China is a below-par partner on another level too: technology transfer. India has always made the transfer of technology a key component of its high-tech purchases, hoping these would compensate for its own inadequacies in research & development. However, Beijing has little new technology to offer; nuclear energy took off in China only in the late 1980s and Beijing also bases its nuclear decisions on the degree of technology transfers vendors are willing to provide. Like India, China also intends to leapfrog stages of nuclear development via reverse engineering and emerge, initially under license, as a major exporter of nuclear products and services. India would be better served by dealing directly with more mature vendors in France, Canada, Russia, and the United States.

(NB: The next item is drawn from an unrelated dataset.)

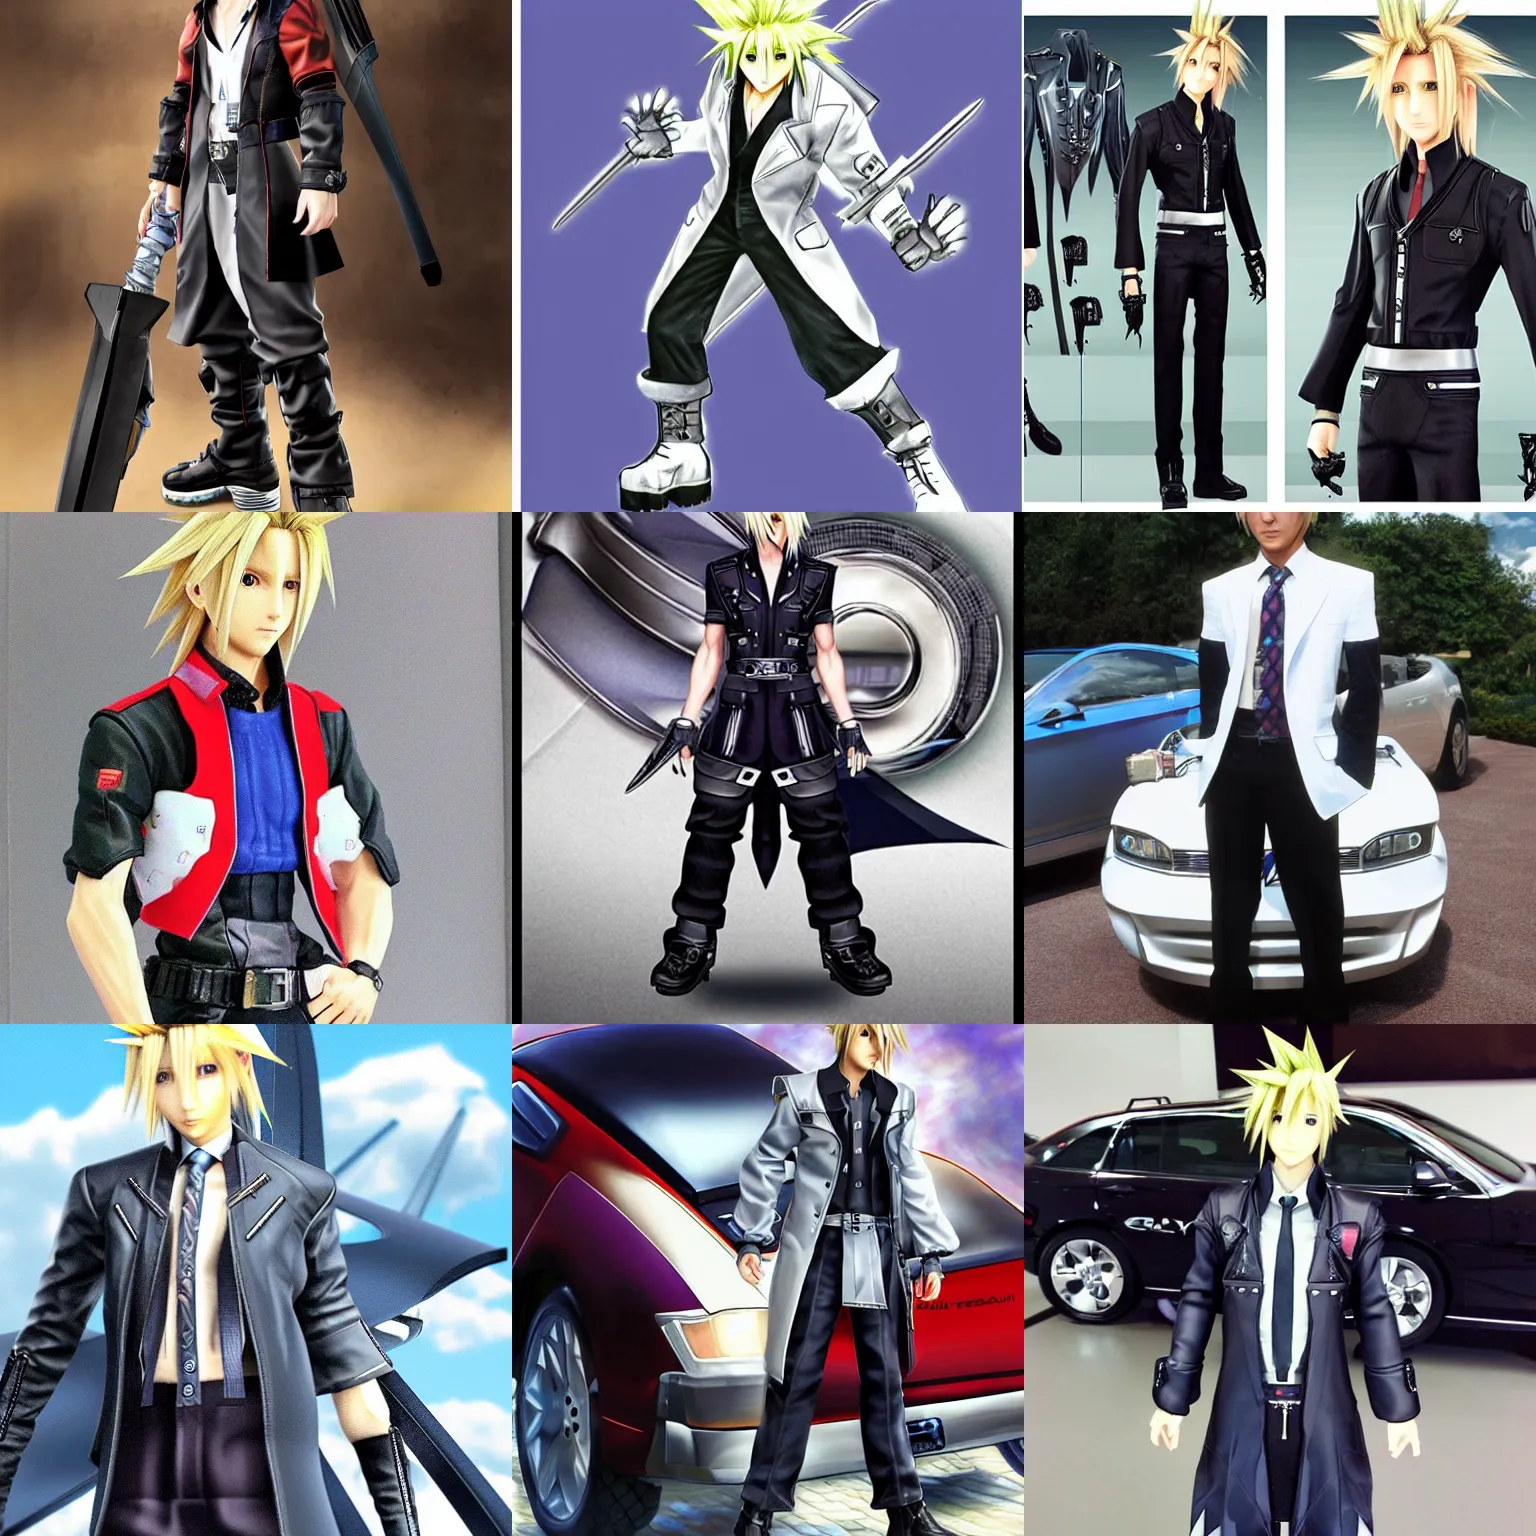 Prompt: cloud strife automobile salesman, tacky clothes, by tetsuya nomura

Unlike other sectors, nuclear partnerships are long-term relationships. The life of an average reactor nowadays is 40-60 years and during that time, the vendor is always in the picture. Many reactor contracts nowadays come with a lifetime guarantee of nuclear fuel and support as well and it is not easy to change suppliers as Ukraine recently discovered. Is India willing to enter into a 60-year marriage with a country that denies Indian firms fair market access, props up a neighbouring state with nuclear weapons and missiles against India, has claims on Indian territory, and with whom regular skirmishes along the border are not unusual?

China’s interest in India’s nuclear programme is, to put it politely, curious. Beijing has consistently vetoed Delhi’s application to join the Nuclear Suppliers Group and yet it wishes to enter India’s nuclear market. China may have calculated its policy based on India’s nuclear liability law – as it exists, the law inhibits private foreign vendors such as Westinghouse or GE from competing in the Indian market by imposing new and large insurance premia. The state-owned enterprises of Russia and China, however, will find it easier to provide for the necessary guarantees. If India sticks to its present nuclear liability law, the smaller number of vendors in India’s nuclear bazaar is to China’s advantage. A normative nuclear liability law, however, negates that advantage and leaves China with little to offer.

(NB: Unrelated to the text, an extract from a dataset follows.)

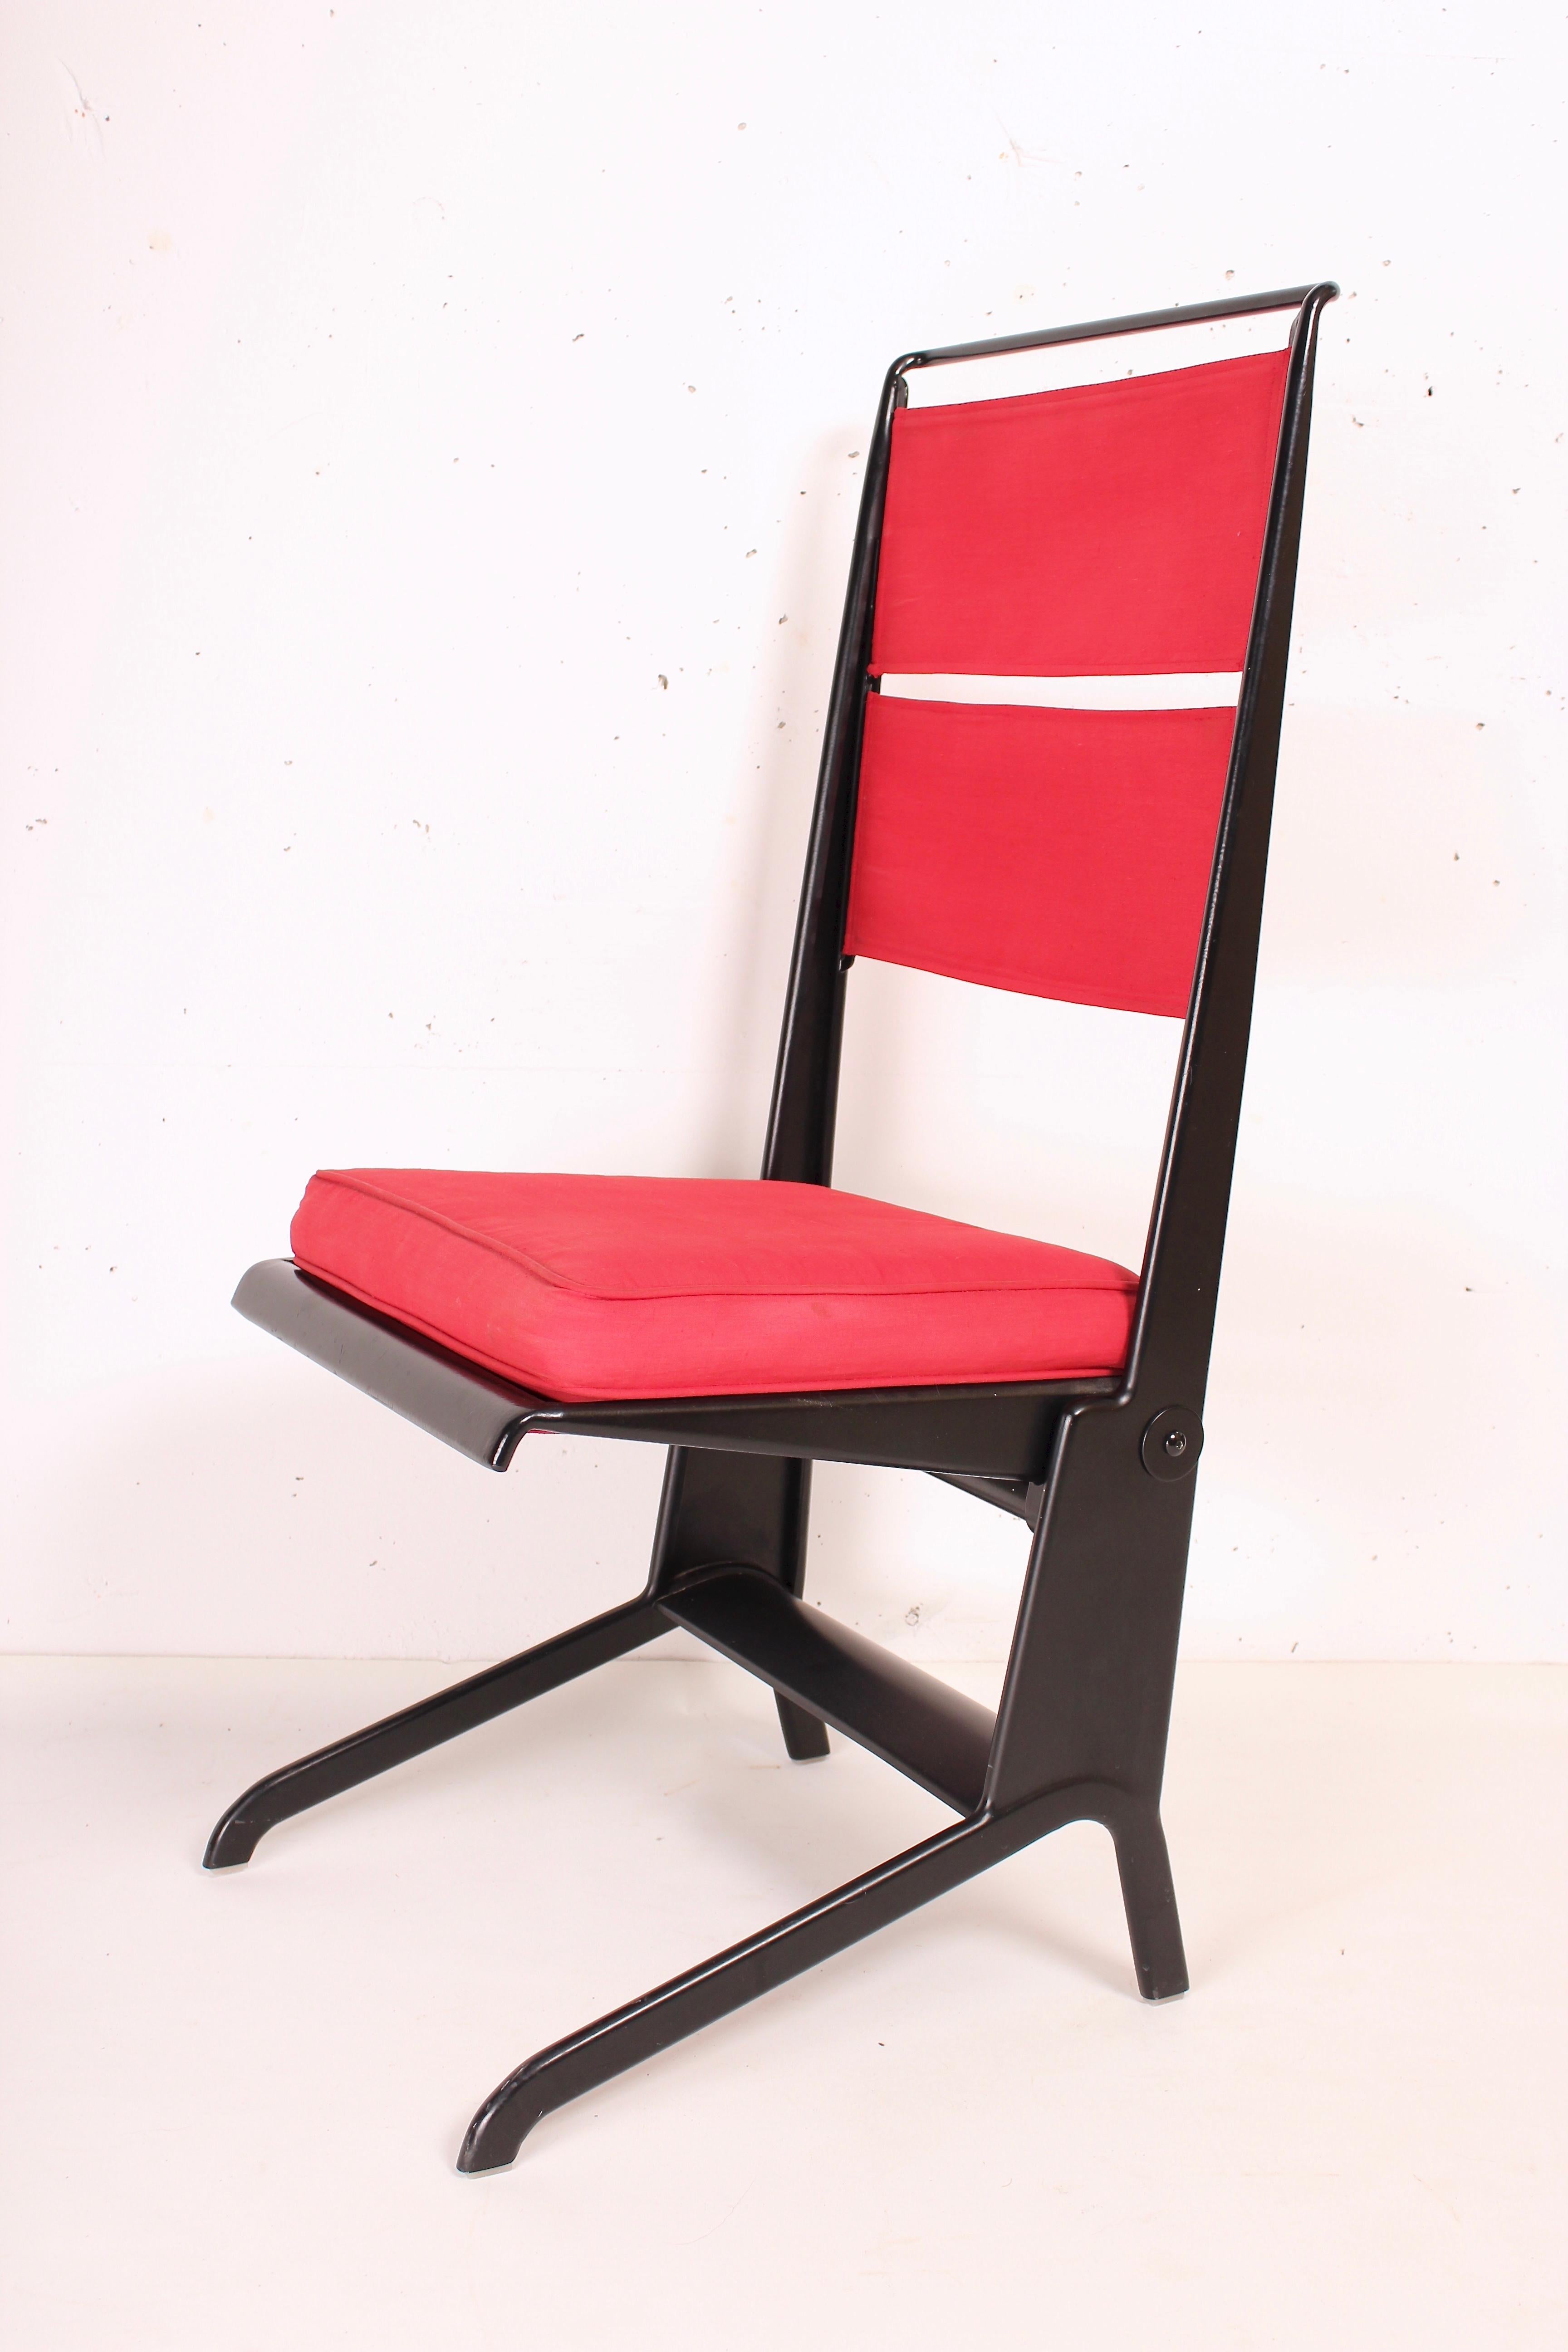 Late 20th Century Jean Prouvé Folding Chair Designed 1930, Manufactured by Tecta, 1983 For Sale

India must insist on any nuclear cooperation with China to be contingent upon Beijing’s unconditional support to India’s membership to the NSG; China is presently trying to finagle a place for its ally Pakistan along with India in the body and such hyphenation runs contrary to Delhi’s long-stated position. An uncompromising attitude on the NSG costs India little for China has no nuclear unique selling point. The policy of barring India’s entry into the NSG while hoping to enter its nuclear market run contrary to each other.

India’s nuclear establishment has borne the price of four decades in the non-proliferation wilderness. Consequently, it remains in a diminished capacity and sorely needs an infusion of capital and talent. However, China is an unsuitable partner for India in a venture as complex and as strategic as nuclear energy for technical as well as geopolitical reasons. As with telecommunications, it would not be judicious for India to allow China into its nuclear energy market.


This post appeared on Daily News & Analysis on September 23, 2014.